If soil loss continued at present rates it was estimated there was only another 48 years of topsoil left, Cribb said.

Science had been strangled for 25 years.

“There is a knowledge drought. There is just not enough knowledge going into the food system now like there was in the 1960s, 70s and 80s.

“It’s amazing that we humans spend more on ways to kill one another than we do on ways to feed one another.

“We need to turn that around. Peace requires a full platter,” Cribb said.

Between 30% and 50% of the world’s food was wasted or lost post-harvest.

“We need to deliver a system to recycle our food back into food production.

“I believe NZ will emerge as a knowledge centre,” he said.

By 2050, with the right investment, urban culture would supply half the world’s food.

“That will relieve agriculture and pave the way for re-wilding half the world and instead of throwing farmers off the land society will pay them for being stewards of the land.”

Two people in three now died of a diet-related disease (The Lancet, 2012) with food killing six times more people than tobacco.

“We have a killer diet that can be preventable.”

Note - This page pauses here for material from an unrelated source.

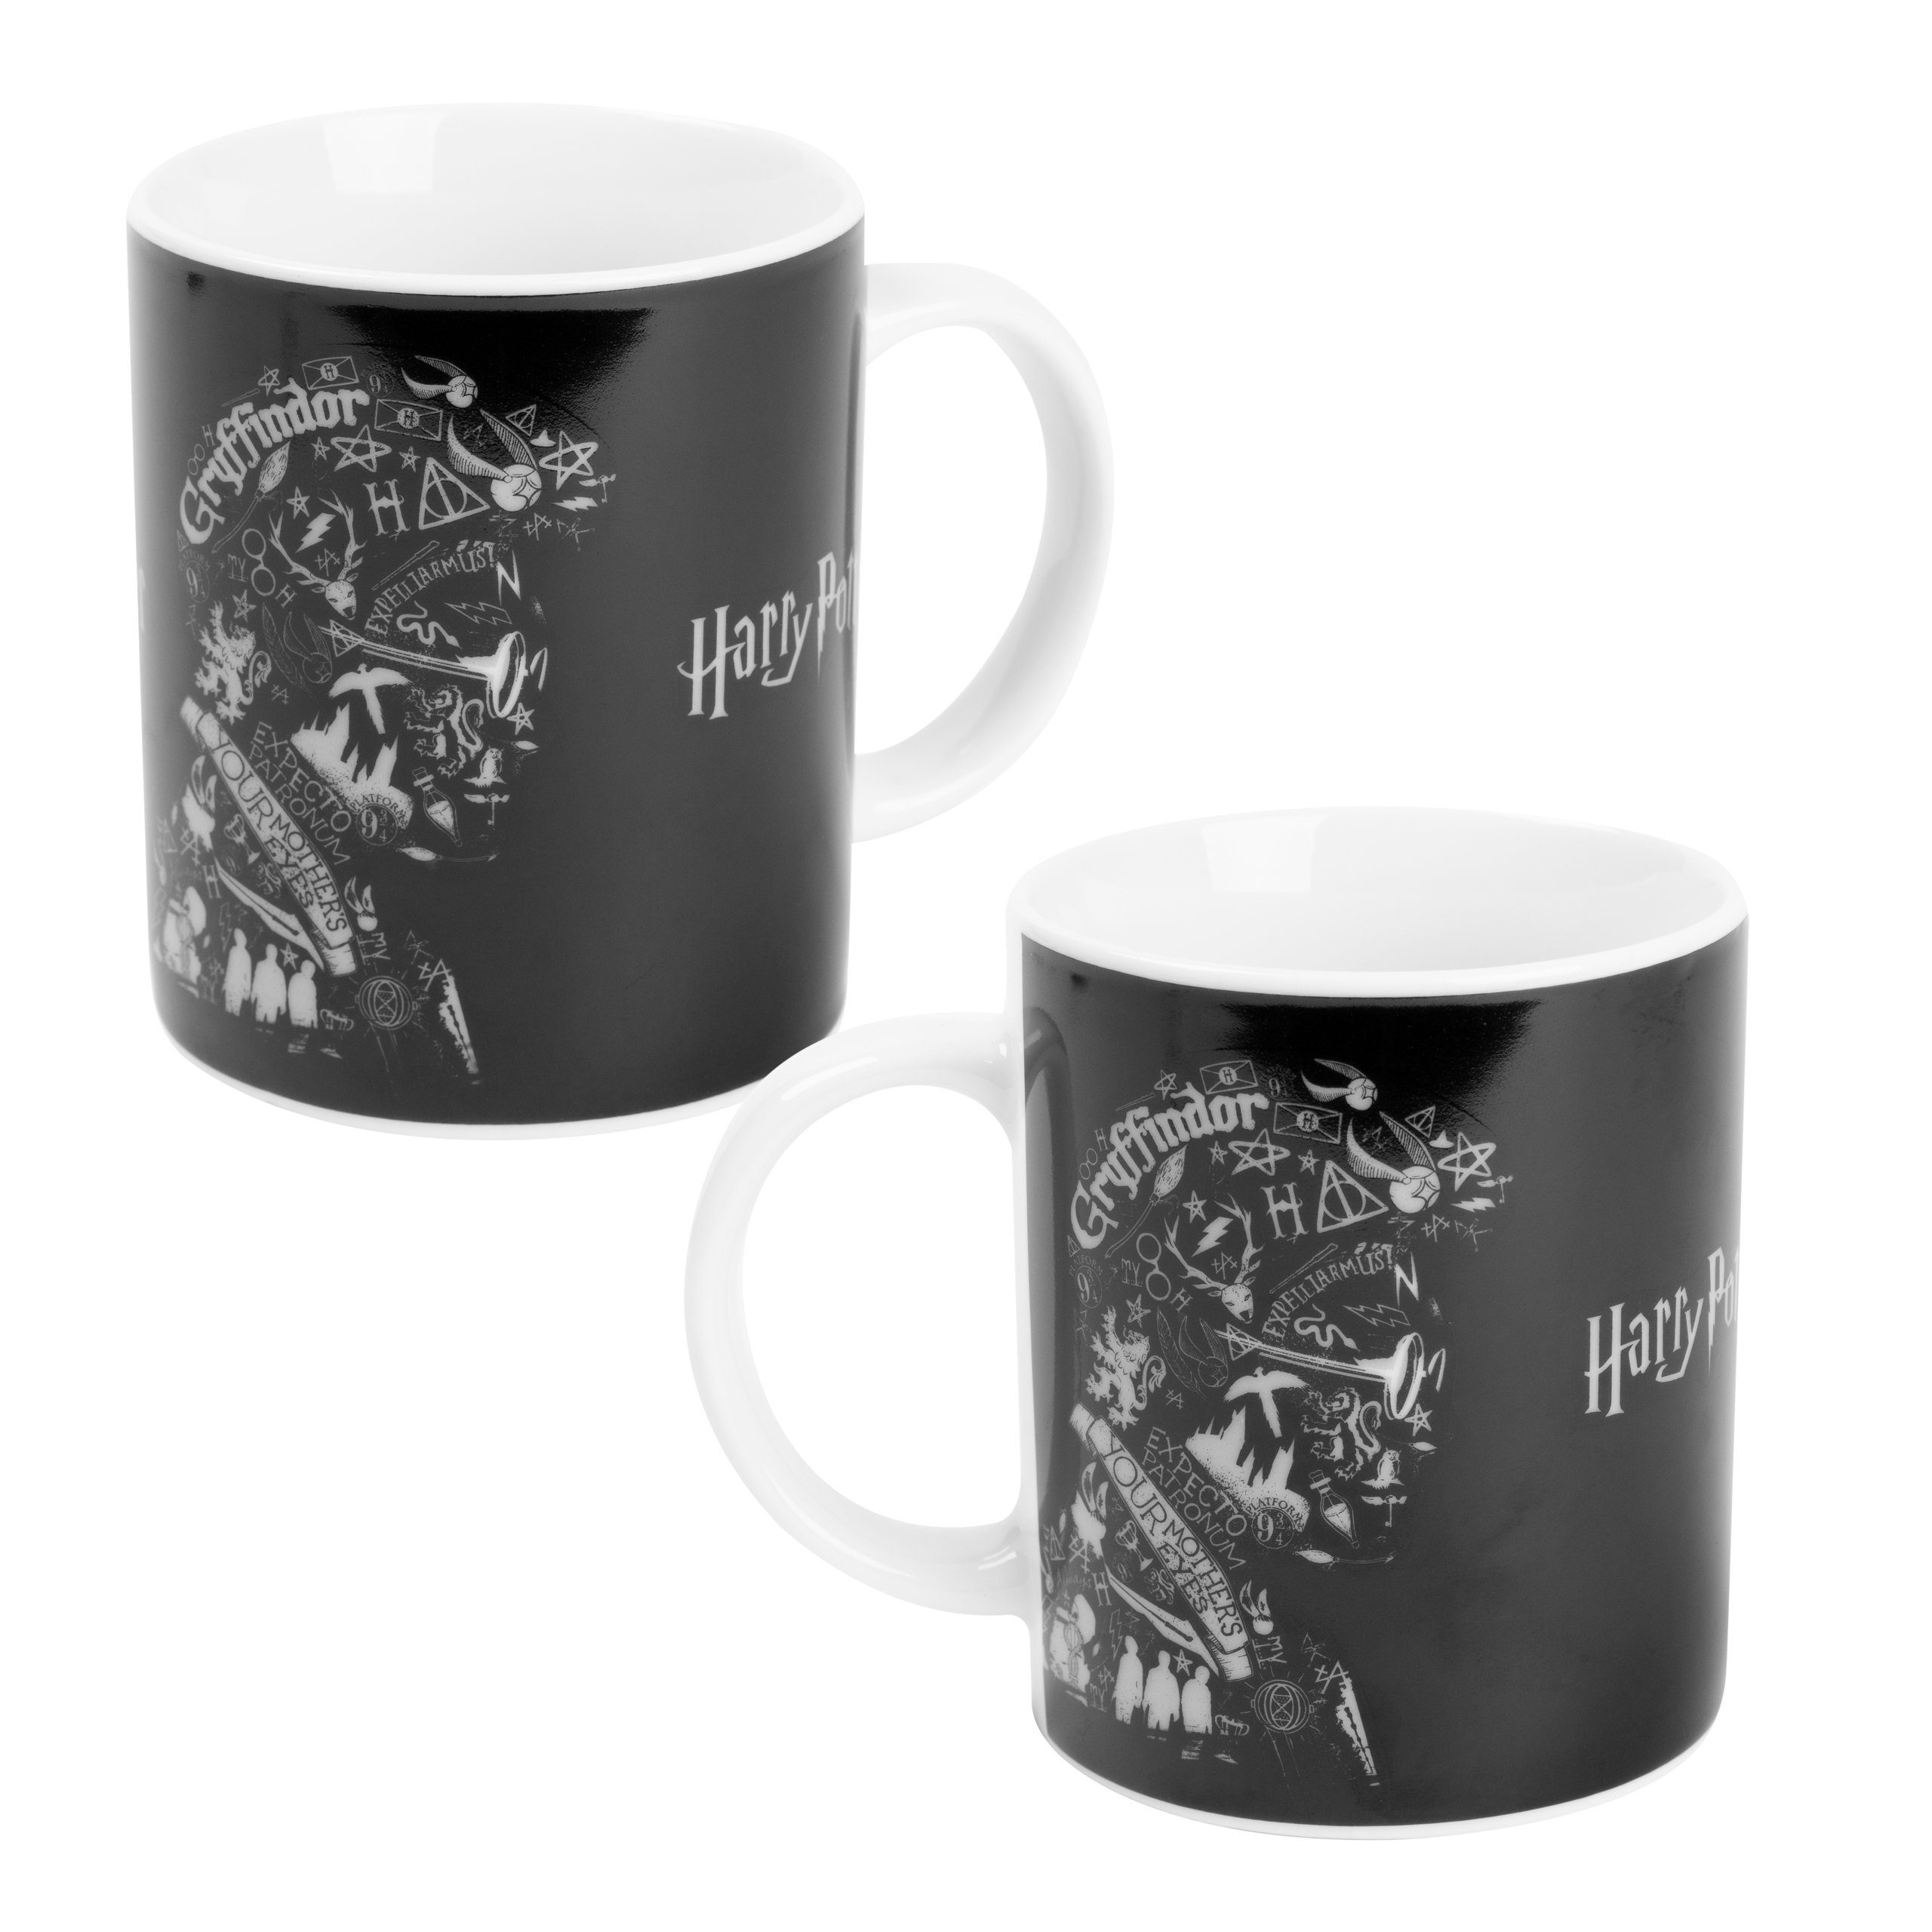 United Labels® Tasse Harry Potter Tasse - Silhouette Kaffeetasse aus Porzellan 320 ml, Porzellan | Tassen

By 2050 water plants, an algae boom, would be the world’s top crop for health food, stock feed, transport fuel, plastic textiles and chemicals, Cribb said.

There would be a new system that would ensure the world never ran out of food.

Cultured (synthetic) meats would take over.

“What we know as a sausage the consumer in 2100 won’t know as a sausage.

“We had the first synthetic sausage in 2011 and the first synthetic hamburger in 2013.

“It’s another area of food development that is coming whether we like it or not,” Cribb said.

But the opportunities for NZ, as the world’s centre of expertise in water, soil and landscape management, to be a world leader in the age of food had never been better.

“NZ has major water knowledge, is an innovative technology exporter in the field of intensive agriculture and as a pioneer of high-value farming systems you are designers of a healthy sustainable world diet.

“You have got to give your farmers a pay rise,” Cribb said.